Neural roots of alcoholism identified


Friday, 12 February, 2021

Neural roots of alcoholism identified

The physical origin of alcohol addiction has been located by British and Chinese researchers in a network of the human brain that regulates our response to danger. Published in the journal Science Advances, their breakthrough could lead to more effective interventions to tackle the global problem of alcohol abuse, which results in more than 3 million deaths every year.

The medial orbitofrontal cortex (mOFC) at the front of the brain senses an unpleasant or emergency situation, and then sends this information to the dorsal periaqueductal grey (dPAG) at the brain’s core, the latter area processing whether we need to escape the situation. Researchers from the University of Warwick, the University of Cambridge and Fudan University, having noticed that rodent models showed the mOFC and dPAG brain areas could underlie precursors of alcohol dependence, decided to analyse MRI brain scans from the IMAGEN dataset of 2000 individuals from the UK, Germany, France and Ireland, who are helping to advance knowledge of how biological, psychological and environmental factors during adolescence may influence brain development and mental health.

The participants undertook task-based functional MRI scans, and when they did not receive rewards in the tasks (which produced negative feelings of punishment), regulation between the mOFC and dPAG was inhibited more highly in participants who had exhibited alcohol abuse.

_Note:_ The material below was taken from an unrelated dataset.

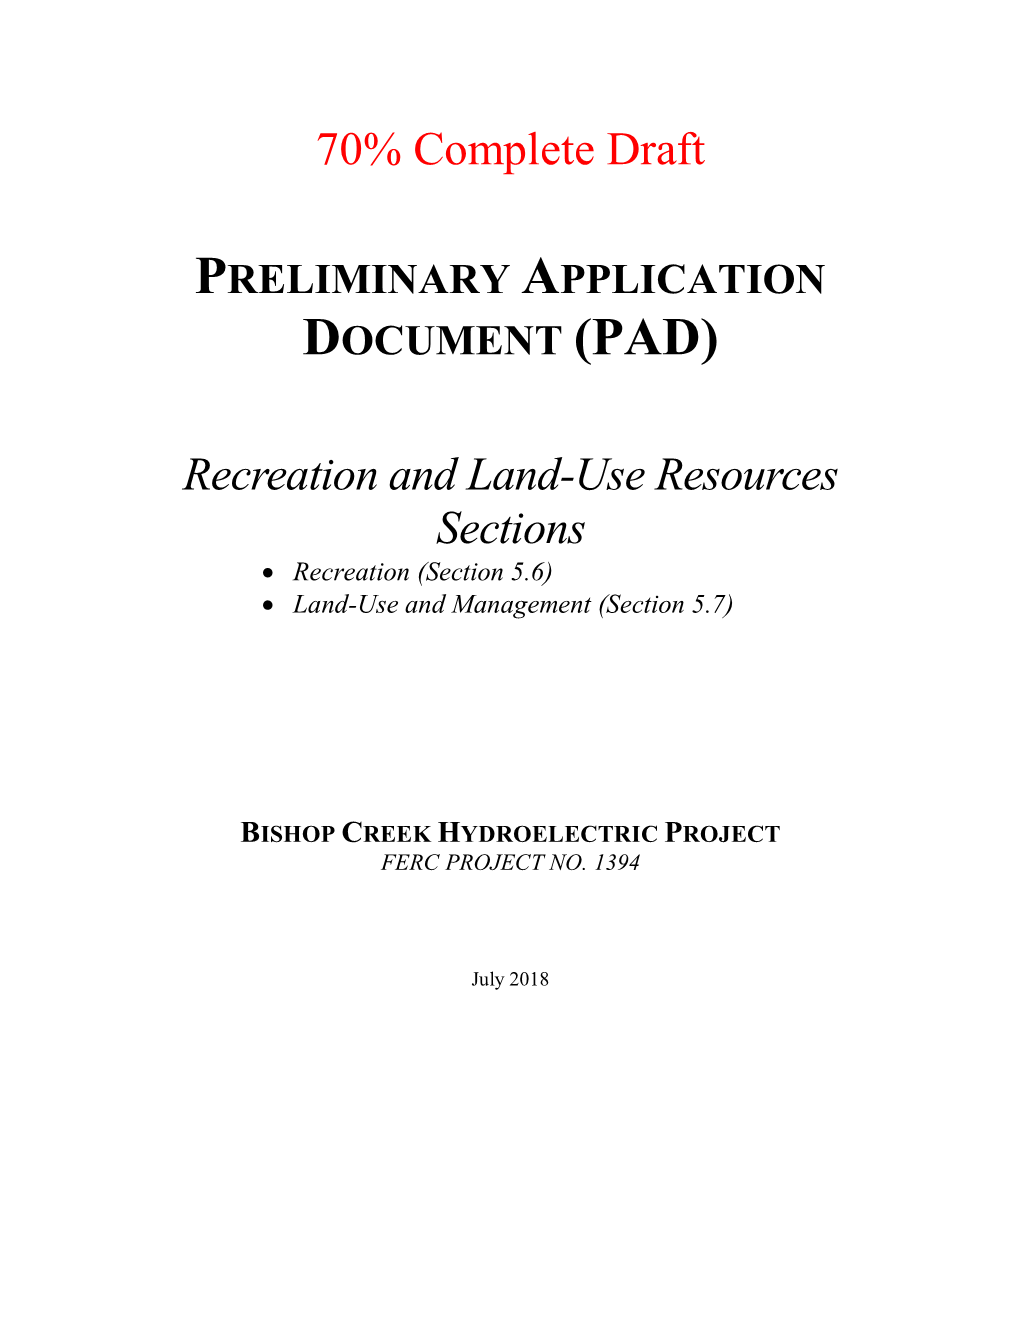 70% Complete Draft Recreation and Land-Use Resources Sections

Equally, in a resting state, participants who demonstrated a more overexcited regulation pathway between the mOFC and dPAG — leading to feelings of needing urgently to escape a situation — also had increased levels of alcohol abuse. The researchers thus concluded that a person is at greater risk of developing alcohol use disorders when the information pathway between the mOFC and the dPAG is imbalanced in two ways.

First, alcohol inhibits the dPAG, so that the brain cannot respond to negative signals or the need to escape from danger — leading a person to only feel the benefits of drinking alcohol, and not its harmful side effects. This is a possible cause of compulsive drinking.

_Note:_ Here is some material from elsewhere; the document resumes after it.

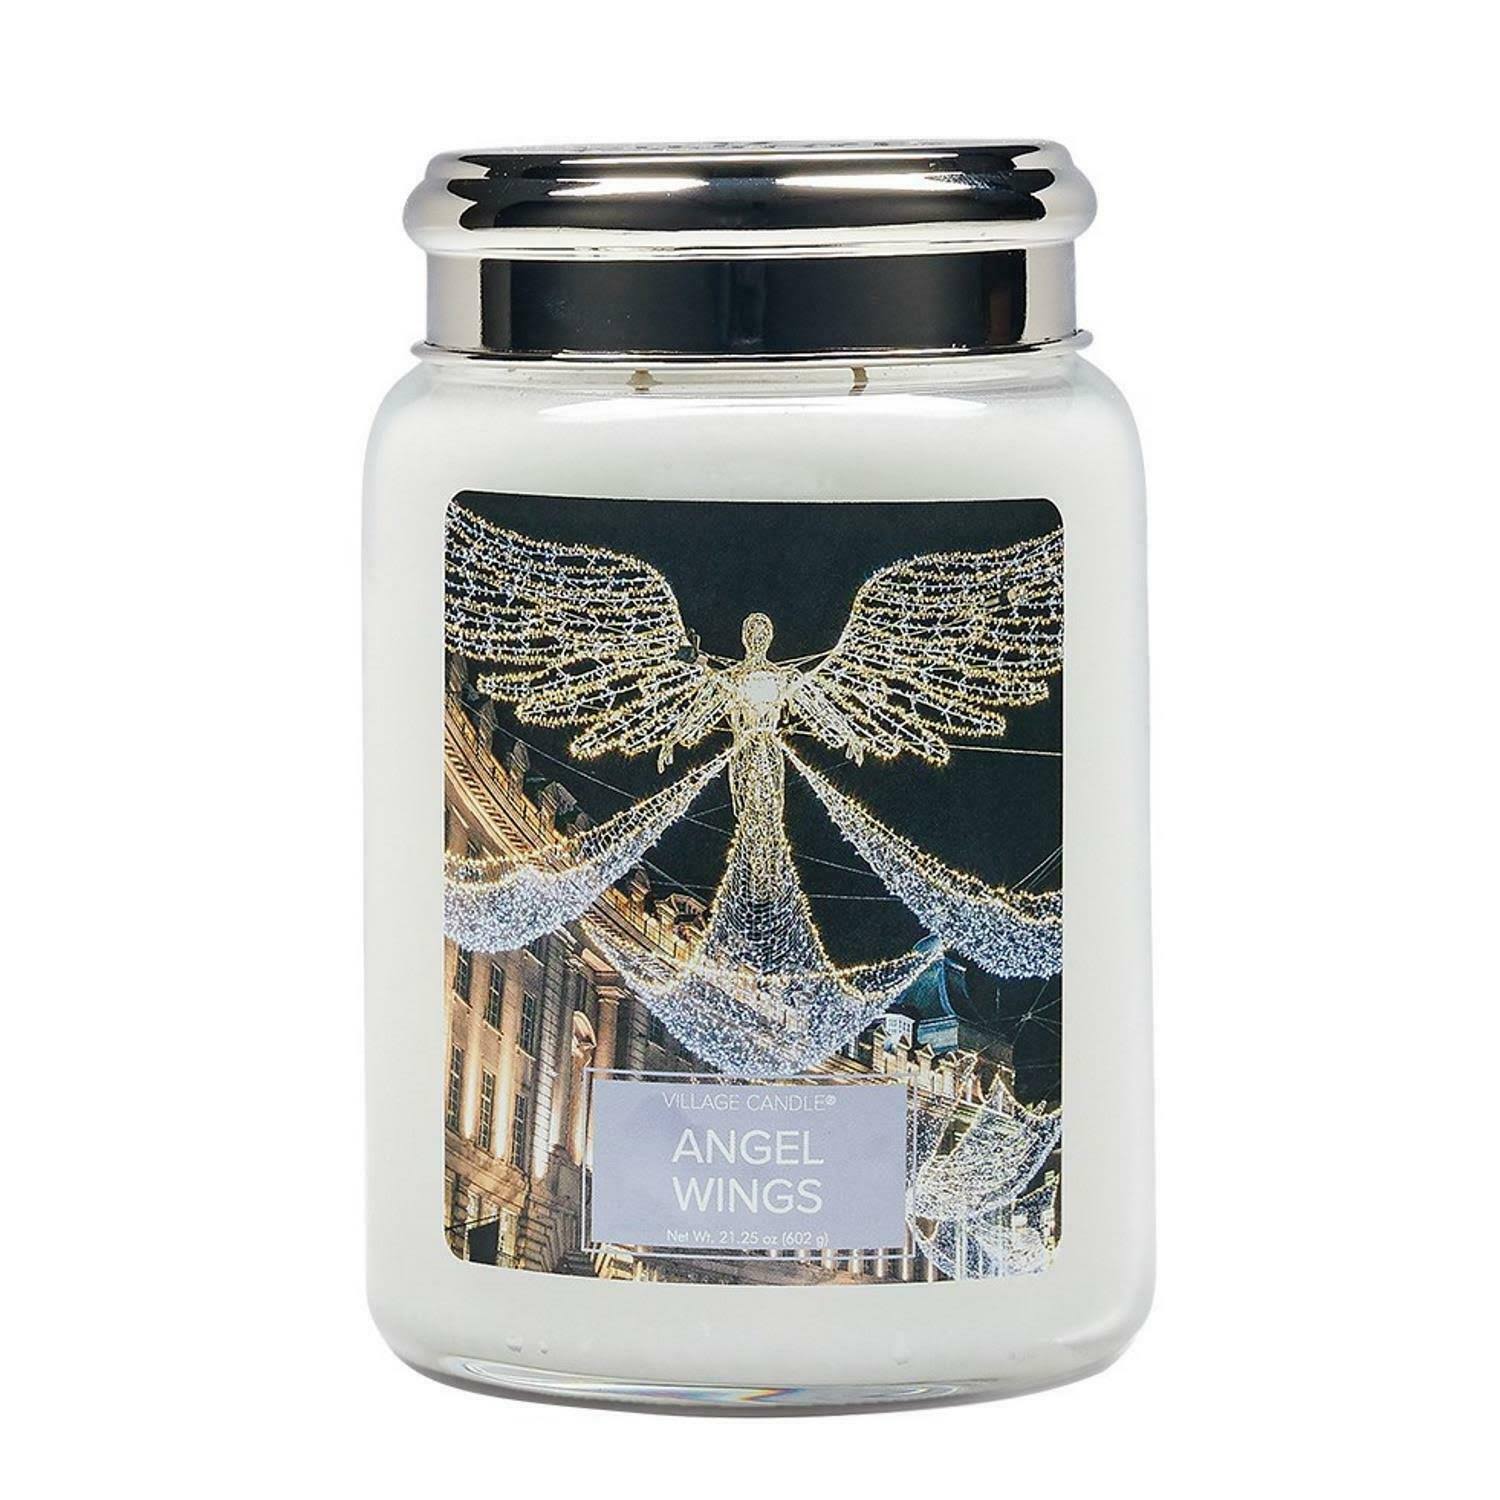 Village Candle Angel Wings Large Jar Candle

A person with alcohol addiction will also generally have an over-excited dPAG, making them feel that they are in an adverse or unpleasant situation they wish to escape, and they will urgently turn to alcohol to do so. This is the cause of impulsive drinking.

Image credit: University of Warwick.

“We have found that the same neural top–down regulation could malfunction in two completely different ways, yet leading to similar alcohol abuse behaviour,” said Dr Tianye Jia from Fudan University.

Professor Jianfeng Feng, from University of Warwick and Fudan University, added, “I was invited to comment on a previous study on mice for the similar purpose: to locate the possible origins of alcohol abuse. It is exciting that we can replicate these murine models in humans, and, of course, go a step further to identify a dual-pathway model that links alcohol abuse to a tendency to exhibit impulsive behaviour.”

Professor Trevor Robbins, from the University of Cambridge, concluded, “It is remarkable that these neural systems in the mouse concerned with responding to threat and punishment have been shown to be relevant to our understanding of the factors leading to alcohol abuse in adolescents.”